**REQUIREMENT:** The records below are to be transcribed word for word.

**Saved data entries:**
★ ★ ★ ★

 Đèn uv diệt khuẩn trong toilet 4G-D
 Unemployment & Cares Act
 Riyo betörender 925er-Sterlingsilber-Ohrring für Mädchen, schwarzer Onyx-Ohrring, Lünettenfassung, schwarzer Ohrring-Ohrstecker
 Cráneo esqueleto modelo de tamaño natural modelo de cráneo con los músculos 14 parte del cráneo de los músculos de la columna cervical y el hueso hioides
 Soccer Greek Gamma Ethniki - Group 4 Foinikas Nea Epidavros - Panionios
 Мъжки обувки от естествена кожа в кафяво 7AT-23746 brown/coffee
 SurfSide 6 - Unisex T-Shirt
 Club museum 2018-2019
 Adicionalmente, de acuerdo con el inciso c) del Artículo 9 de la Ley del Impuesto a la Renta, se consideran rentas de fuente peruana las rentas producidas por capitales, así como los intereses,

★ ★ ★ ★

**WORKED SOLUTION:**
 Đèn uv diệt khuẩn trong toilet 4G-D
 Unemployment & Cares Act
 Riyo betörender 925er-Sterlingsilber-Ohrring für Mädchen, schwarzer Onyx-Ohrring, Lünettenfassung, schwarzer Ohrring-Ohrstecker
 Cráneo esqueleto modelo de tamaño natural modelo de cráneo con los músculos 14 parte del cráneo de los músculos de la columna cervical y el hueso hioides
 Soccer Greek Gamma Ethniki - Group 4 Foinikas Nea Epidavros - Panionios
 Мъжки обувки от естествена кожа в кафяво 7AT-23746 brown/coffee
 SurfSide 6 - Unisex T-Shirt
 Club museum 2018-2019
 Adicionalmente, de acuerdo con el inciso c) del Artículo 9 de la Ley del Impuesto a la Renta, se consideran rentas de fuente peruana las rentas producidas por capitales, así como los intereses,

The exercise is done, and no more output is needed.